Kuraka of the Cañari
- Reign: Unknown-1566
- Successor: Francisco Ymbay
- Born: Unknown
- Died: 1566
- Issue: Francisco Ymbay

= Diego Vilchumlay =

Vilchumlay (unknown-1566) was a kuraka of the Cañari tribe, later an ally of Spanish conquistador Francisco Pizarro. He was the first native chieftain to receive and support Pizarro in his grand entrance into the Inca Empire, making possible his alliance to many other native factions and ultimately the conquest of the territory. He converted to Christianity under the name of Diego Vilchumlay.

==Spanish conquest of the Inca Empire==
Vilchumlay was chieftain of Gualaceo, from where he witnessed the punitive actions of Emperor Atahualpa against the Cañari provinces for supporting his rival and brother Huáscar, legitimate heir to Emperor Huayna Cápac. In 1532, ambitioning freedom from Atahualpa's brutal rule and revenge for his attacks, Vilchumaly and other notables to receive and ally with Pizarro, whom he had notice of from his previous voyage to the Inca Empire in 1526. They signed their alliance in Tumbes. Pizarro initiated his journey to the core of Inca Empire with the Cañaris to his side, concluding in capture of Atahualpa in Cajamarca, where Vilchumlay was probably present.

Pizarro sent Vilchumlay with Sebastián de Belalcázar to secure the port of San Miguel de Piura, where he had left 40 soldiers to recover from wounds and illnesses while waiting for reinforcements. The conquistador was also in the need of contact them to prevent them from scattering and initiating unauthorized conquests. Meanwhile, Pizarro continued to Cusco, where he was received by the other main Cañari player, Chilche. Thanks to the contacts established by Vilchumlay between Spaniards and Cañaris, Chilche joined Pizarro's circle as his advisor, bodyguard and champion. Vilchumlay also converted to Christianity adding Diego to his name.

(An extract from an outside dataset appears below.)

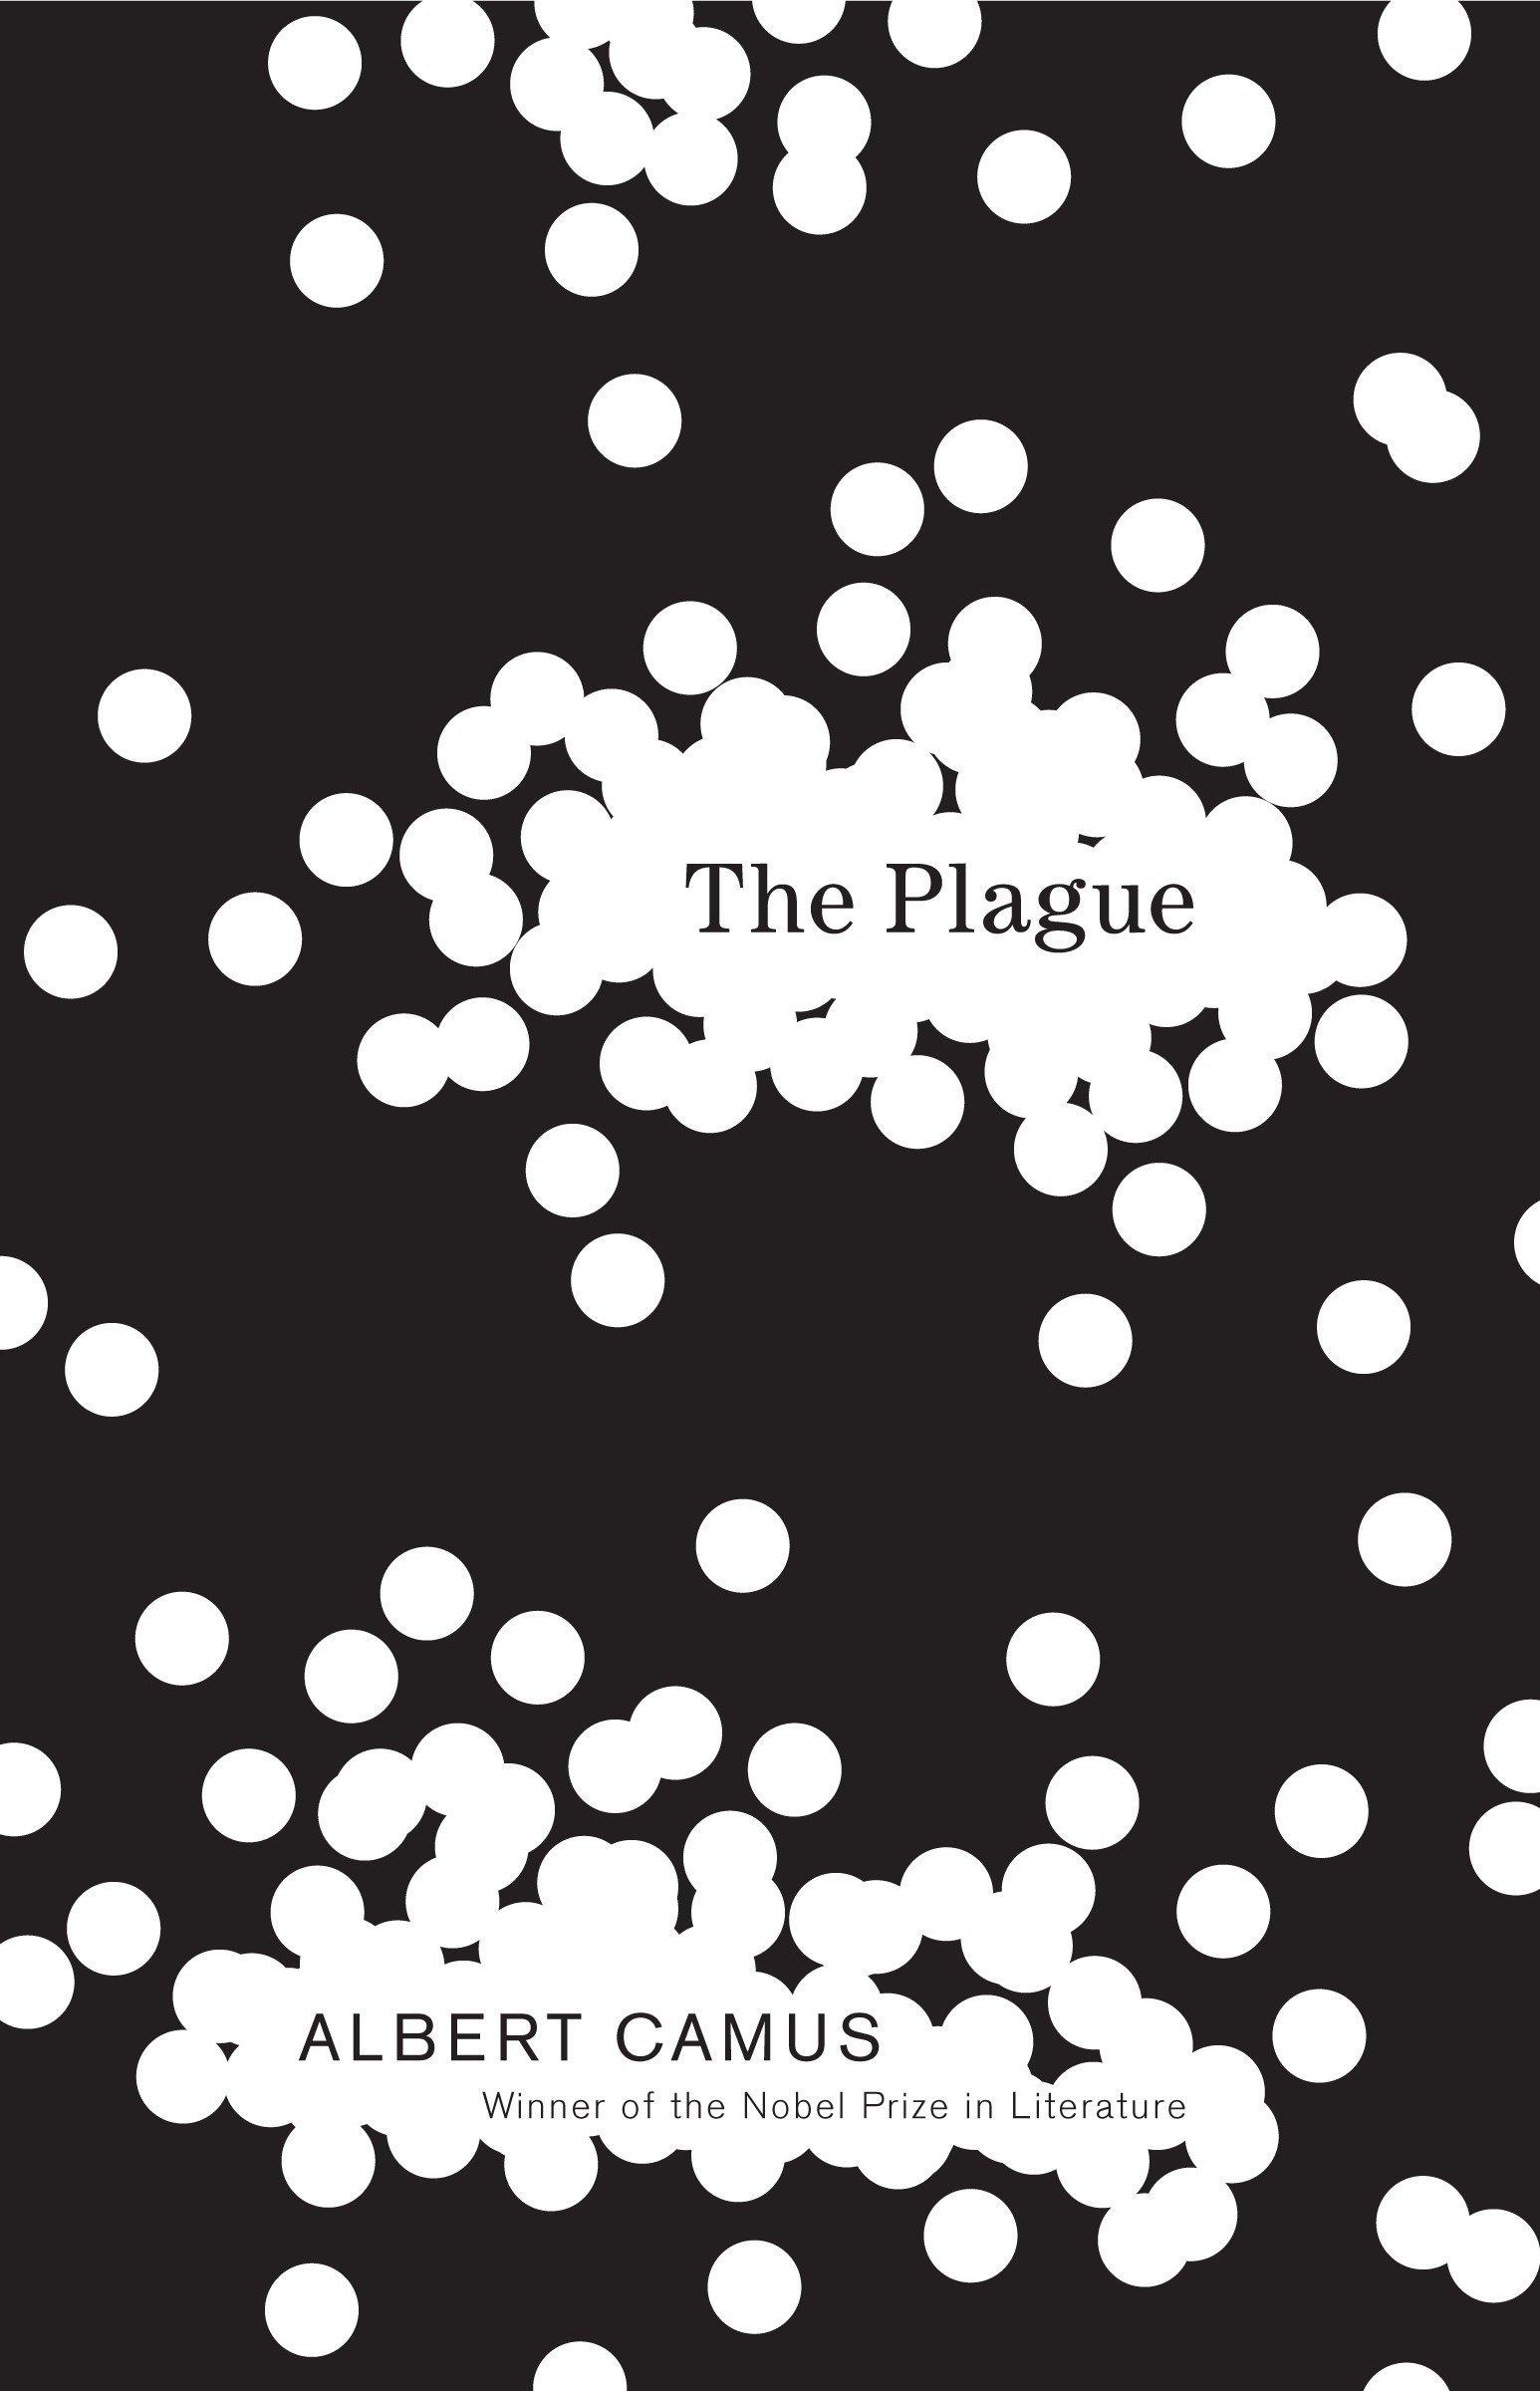 Amazon.com: The Plague (9780679720218): Albert Camus, Stuart ...

Diego Vilchumlay served in the Hispanic side during the conquest of the territories still held by former general of Atahualpa, like Lita and Quilca, and had an outstanding role during the revolt of Manco Inca. Manco's lieutenant Quizu Yupanqui besieged Lima in August 1536, to which Diego de Sandoval and Vilchumlay answered gathering a Cañari relief army. The news of their arrival drove Yupanqui to lift the siege. At some point, he also fought the Saraguros of Loja and served in the conquest of Carumas. In 1554 he was among the Cañari captains recruited by Rodrigo de Salazar.

He maintained a high status in the Spanish rule, even after the inevitable shifts brought by the new administration. He was rewarded for his service with the territories of El Pan, Toctesí and Hazmal, and his name is recorded in the foundation of Cuenca, in the ancient Cañari center of Tomebamba and close to his own domains. He died in 1666, being succeeded by his son Francisco Ymbay.

==Sources==
- Caballero Ares, J. (2024). Los indios conquistadores aliados del Perú: el caso de don Francisco Chilche Cañar, cacique, alcalde y capitán del rey. Revista de Historia Militar, I extraordinario de 2024, pp. 83-154. ISSN: 0482-5748
- Espinoza Soriano, Waldemar (2021). "Etnias del imperio de los incas: reinos, señoríos, curacazgos y cacicatos"
- Oberem, U. (1974). Los Cañaris y la conquista española de la Sierra ecuatoriana, otro capítulo de las relaciones interétnicas en el siglo XVI. Journal de la Société des américanistes, vol. 63 (1974-1976), pp. 263-274.